Check. (BTW contradicts 4)

> Assigning a T[] to a T[new]
> should duplicate the memory block referenced by the T[] because this is probably
> the only way to guarantee (4).

No check, but could have been done.

> 6.  Since T[new] guarantees unique access to a memory block, it should have an
> assumeUnique() method that returns an immutable slice and sets the T[new]'s
> reference to the memory block to null.  This solves the problem of building
> immutable arrays without the performance penalty of not being able to pre-allocate
> or the unsafeness of having to cowboy cast it to immutable.

Uncheck.

> 7.  As long as the GC is conservative, there absolutely *must* be a method of
> manually freeing the memory block referenced by a T[new] provided that the GC
> supports this operation, though it doesn't have to be particularly pretty.  In
> general, since D is a systems language, T[new] should not be too opaque.  A good
> way to do this might be to make all of the fields of the T[new] public but
> undocumented.  If you *really* want to mess with it, you'll read the source code
> and figure it out.

Check while delete still exists. Please use malloc for that stuff.
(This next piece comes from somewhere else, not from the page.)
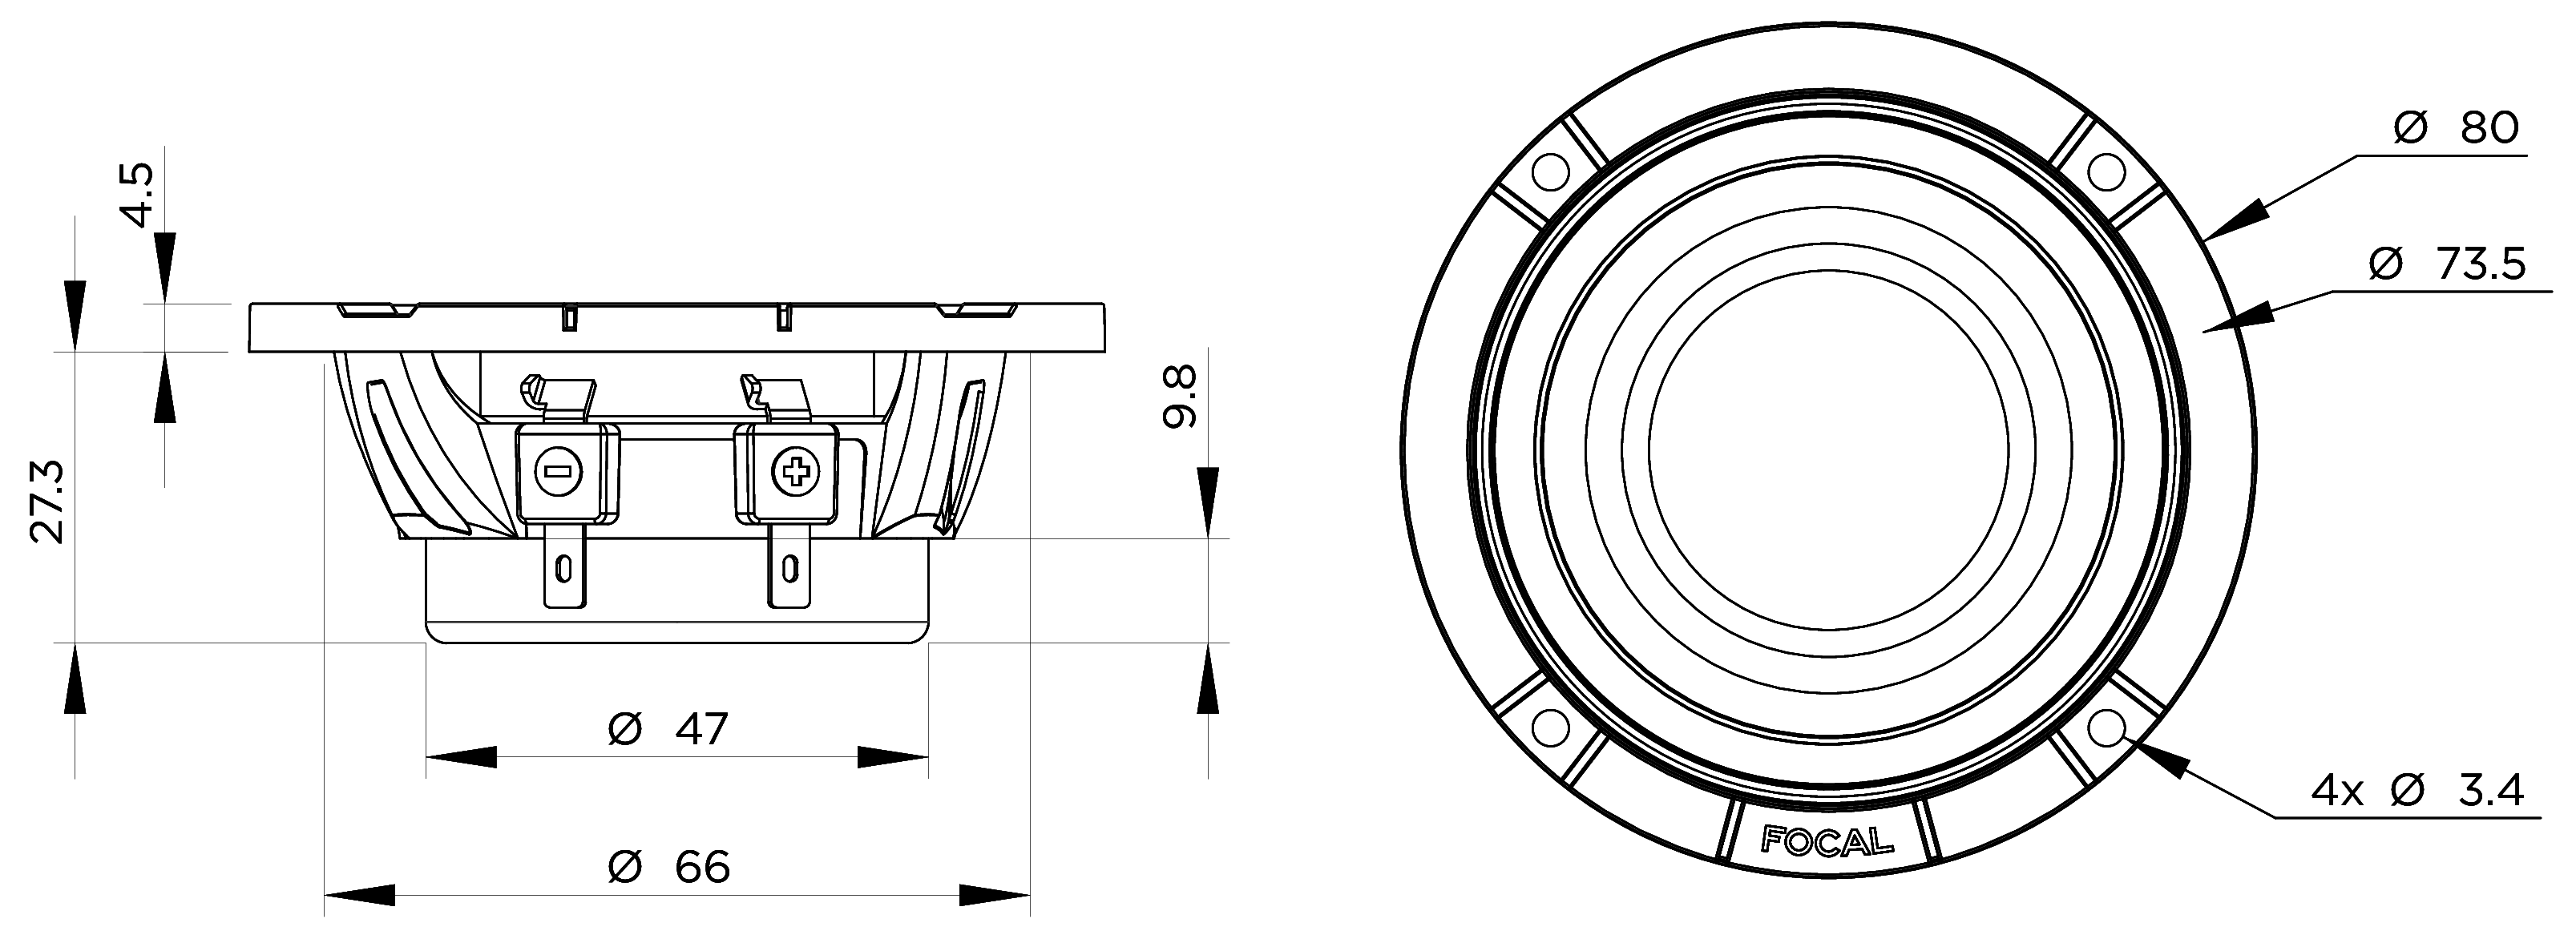 Focal 3 KM Dimensions

> 8.  The first call to opSlice on a T[new] should set a flag that indicates that
> there may be multiple pointers to the underlying memory block.  Before that flag
> is set, appends to a T[new] should result in calls to GC.free() to free the old
> block whenever it needs to be expanded (since we can guarantee that we own it
> exclusively).  This will help deal with false pointer issues, since D's GC looks
> like it will remain conservative for the foreseeable future.

Uncheck.

So now: every place I've said "check" means there was implementation and book-quality illustrated documentation that Walter and I have done with the sweat of our brow. At the end we looked at the result and concluded we should throw away all that work.